On the other hand, until at least 30 years ago, the YUR group maintained a continuous distribution for several kilometers along the Yura River (Fig. 1A). The population density was once high, and the distance between subpopulations was short enough to maintain gene flow between neighboring subpopulations in YUR. Such distribution characteristics would have contributed to the higher genetic variation maintained in the population unit of YUR. Although the current distribution in the YUR group is fragmented due to deer grazing, the remaining subpopulations still constitute a single genetic cluster (Fig. 1B).

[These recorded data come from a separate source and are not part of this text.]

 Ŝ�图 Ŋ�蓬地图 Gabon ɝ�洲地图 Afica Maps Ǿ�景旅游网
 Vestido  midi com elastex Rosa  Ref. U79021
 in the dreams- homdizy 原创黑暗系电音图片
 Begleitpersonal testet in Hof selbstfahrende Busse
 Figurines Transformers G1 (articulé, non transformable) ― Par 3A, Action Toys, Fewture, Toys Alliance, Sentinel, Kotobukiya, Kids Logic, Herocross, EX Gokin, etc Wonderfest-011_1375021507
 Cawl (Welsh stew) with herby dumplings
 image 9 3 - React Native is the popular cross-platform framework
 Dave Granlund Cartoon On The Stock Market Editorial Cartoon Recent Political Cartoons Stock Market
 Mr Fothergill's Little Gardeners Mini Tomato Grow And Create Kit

This finding is reasonable, because only a short time has passed since the recent population decline (only about five generations, assuming a generation time of five years (K. M., unpublished)), and therefore the genetic effects of fragmentation may not yet be apparent.
Overall, our genetic assessment distinguished two genetic groups of A. mallotopus in the Ashiu Forest, which probably arose through historical population dynamics in the complex mountain landscape. The level of genetic differentiation between the groups was high, and each group showed particular genetic characteristics. Thus, they can be reasonably recognized as separate management units in conservation programs for threatened wild populations. Furthermore, the genetic variation of each group characterized by EST-SSR markers can be referred to as baseline information in setting up and optimizing ex situ populations in the future.
We are grateful to Ms. K. Funatsu, Dr. K. Horie, Ms. E. Katori, Ms. K. Magota, Dr. D. Takahashi and Mr. S. Yatagai for their efforts in collecting the plant materials. We also thank the editor and two anonymous reviewers who provided many helpful suggestions for improving the manuscript. Research permissions were provided by Fukushima Prefecture and Oze National Park (for Pop. A), Tottori Prefecture and Daisen Oki National Park (for Pop. B), Ashiu Forest Research Station, Kyoto University (for Pop. C), and Hokkaido Prefecture and Daisetsuzan National Park (for Pop. D). This work was supported by the TAKARA Harmonist Fund for S. S., the Nippon Life Insurance Foundation Fund for M. I. I., and the Pro Natura Foundation Japan for the Ashiu Biological Conservation Project and Environmental Research.